In this study, biological conditions were not included in these models. Cell migration, proliferation and differentiation were not simulated. Because of the irregular microstructure of the models, each region in the pores will have a different combination of fluid flow velocity, wall shear stress and pressure. Cells migrate into the scaffolds by means of the interstitial fluid flow. They do not reach the pores where the fluid flow does not penetrate. Abrupt changes of fluid flow velocity, wall shear stress and pressure will be perceived by cells during the migration process. Once cells are seeded in the scaffold, they can attach to specific areas of a pore, according to the mechanical stimuli of each point. However, as cells tend to differ, they synthesize an extracellular matrix and the number of cells increases, which lead to an increase in the fluid viscosity[23]. In this study, the analyzed fluid viscosity was 2.1 × 103 Pas.

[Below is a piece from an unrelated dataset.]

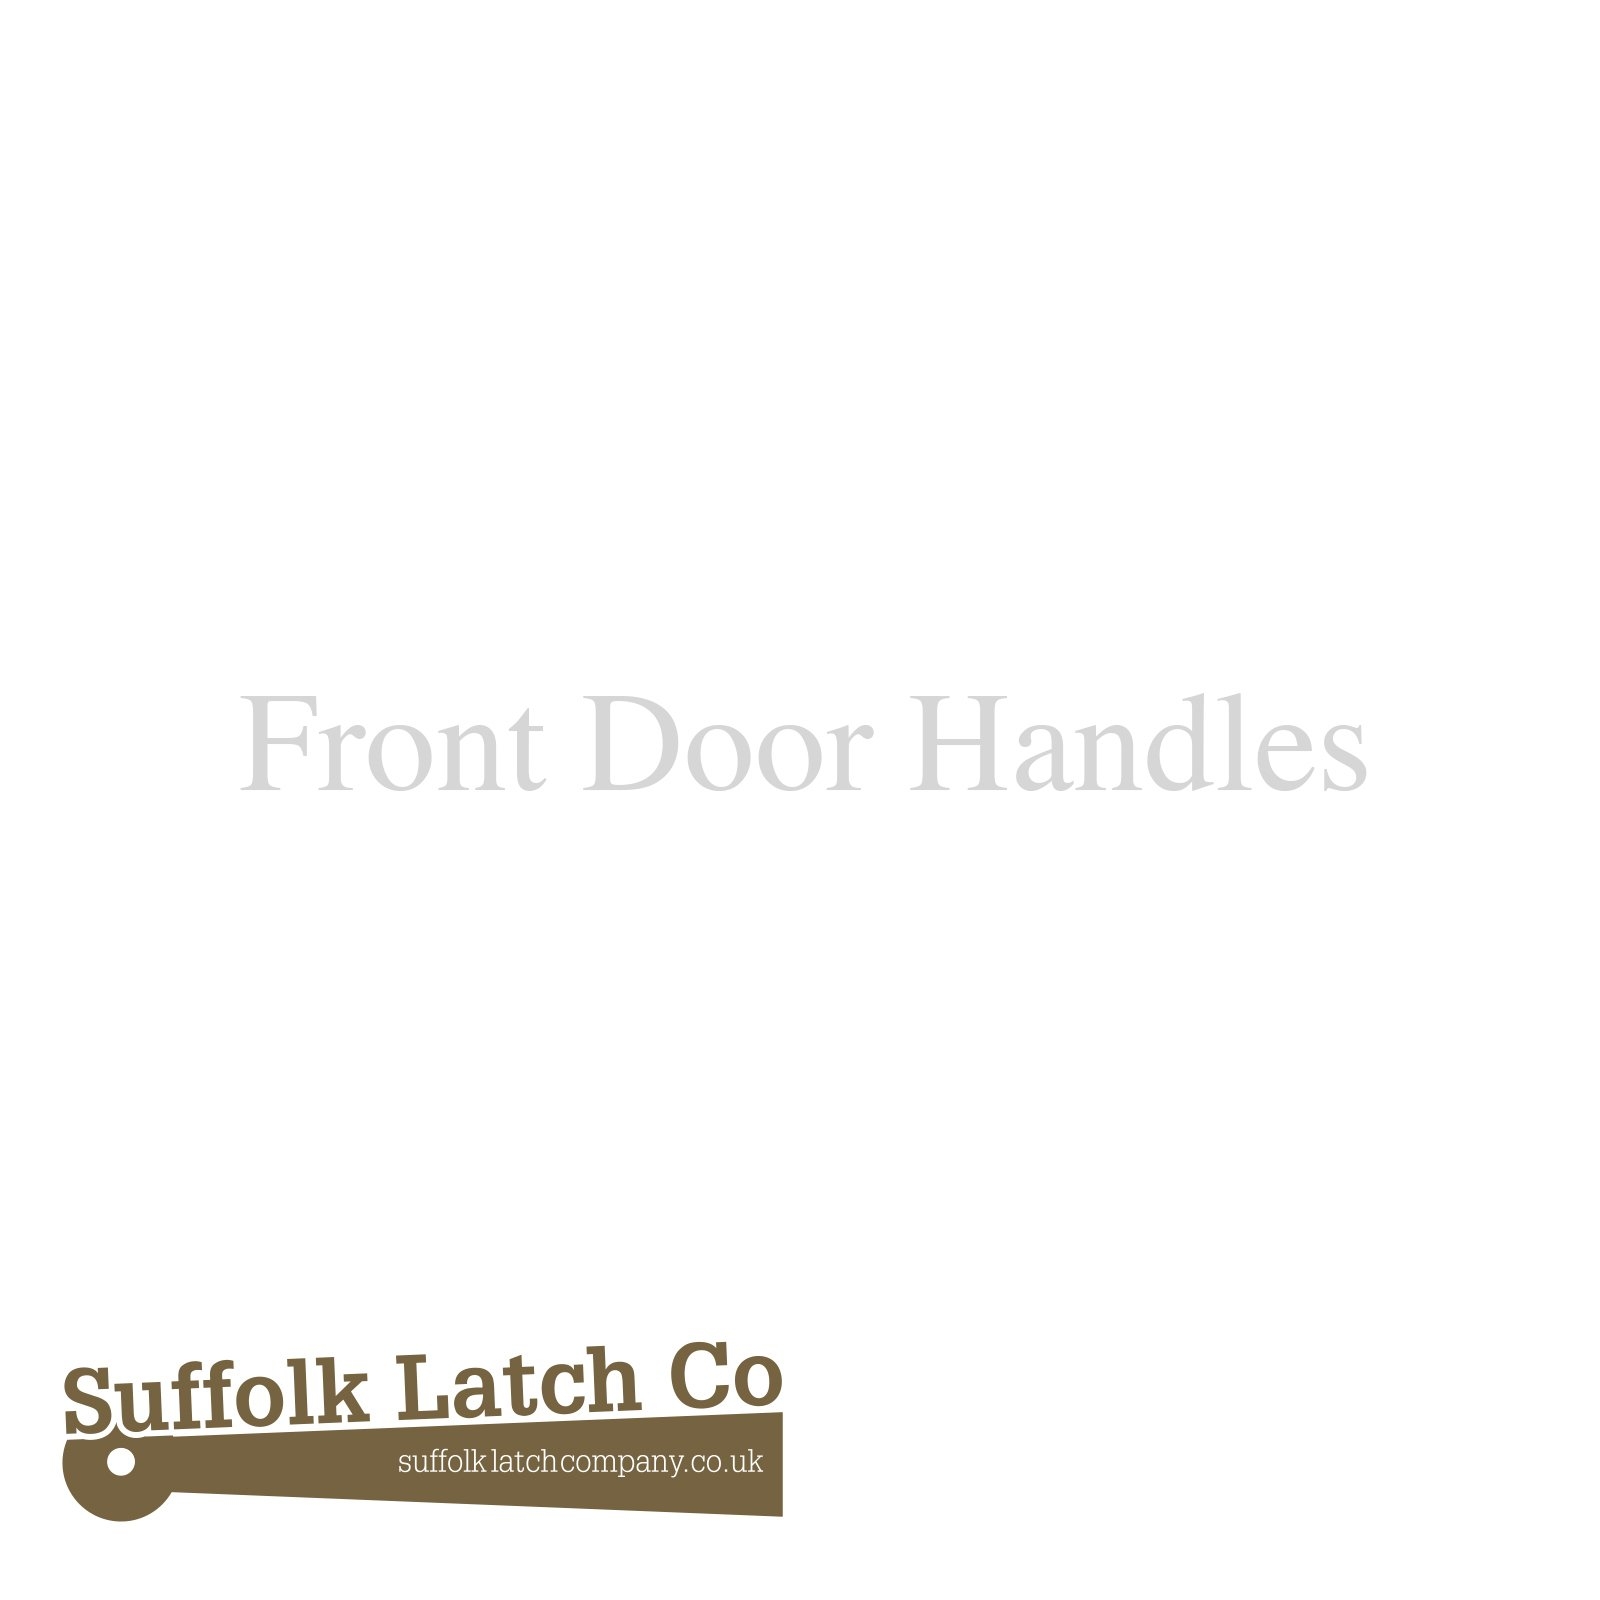 Front door handles

A linear relationship between wall shear stress and imposed flow was found as a result of the very low Reynolds numbers causing the convective terms in the Navier-Stokes equations to be negligible[24]. A Newtonian fluid in the steady state was simulated in this study. None penetration wall model and a gravity condition were set. In this study, we reconstructed the nature of the real bone scaffold model, carried out the flow field analysis, set up 4 levels of inlet velocity, made a comprehensive analysis and compared these 3 models. From Fig. 9, considering the distribution of the wall shear stress for the conditions of 100 m/s inlet velocity and 1.45 × 10−3 Pas viscosity, the wall shear stress was within 0.015 4 Pa in DS, 0.098 5 Pa in FS and 0.023 6 Pa in NS, which were in good agreement with relevant literature[25]. The highest cell viability and proliferation were obtained at an average wall shear stress of 0.05 mPas. An upregulation of osteo-related gene messenger ribouncleic acid (mRNA) was observed as the fluid flow velocity increased from 0.005 to 0.1 mm/s leading to a wall shear stress of 5 mPas, detrimental to cell viability. These results demonstrated that cells can be stimulated by an average wall shear stress of around 1 mPas[23, 26]. From Table 3, at an inlet velocity of 100 µm/s, for 3 values of viscosity, the average wall shear stress in NS was 1.167 mPas, 1.629 mPas and 2.434 mPas, which was favorable for cell viability, while the corresponding values were 2.493 mPas, 3.223 mPas and 5.099 mPas in DS and 4.426 mPas, 5.494 mPas and 8.601 mPas in FS. The inlet velocity in DS and FS needed to be reduced to obtain an average wall shear stress of around 1 mPas at the expense of cell seeding efficiency[27].

5 Conclusions

We have transformed one 3D designed geometry and 2 geometries reversed from micro-CT to meshed models suitable for CFD simulations. This study provided detailed information about mechanical stimuli within the internal walls of these 3 biomaterial scaffolds with different morphologies. Fluid flow velocity, wall shear stress and pressure were determined for different conditions within the scaffolds according to the architecture of the samples suggesting that cells would be exposed to different stimulations. The dog femora scaffold as a reference standard, the designed scaffold and the porous and biodegradable β-TCP based on freeze-drying scaffold were evaluated in terms of microstructure and fluid simulation results. Actually, cell migration, proliferation and differentiation gradually changed the morphology of the scaffold and viscosity of the medium, which could be taken into account in future works. A dynamic perfusion system could be made and future experiments would be necessary. This methodology allowed us to obtain more insight into the complex concept of tissue engineering and will likely help in understanding and eventually improving scaffold design methods.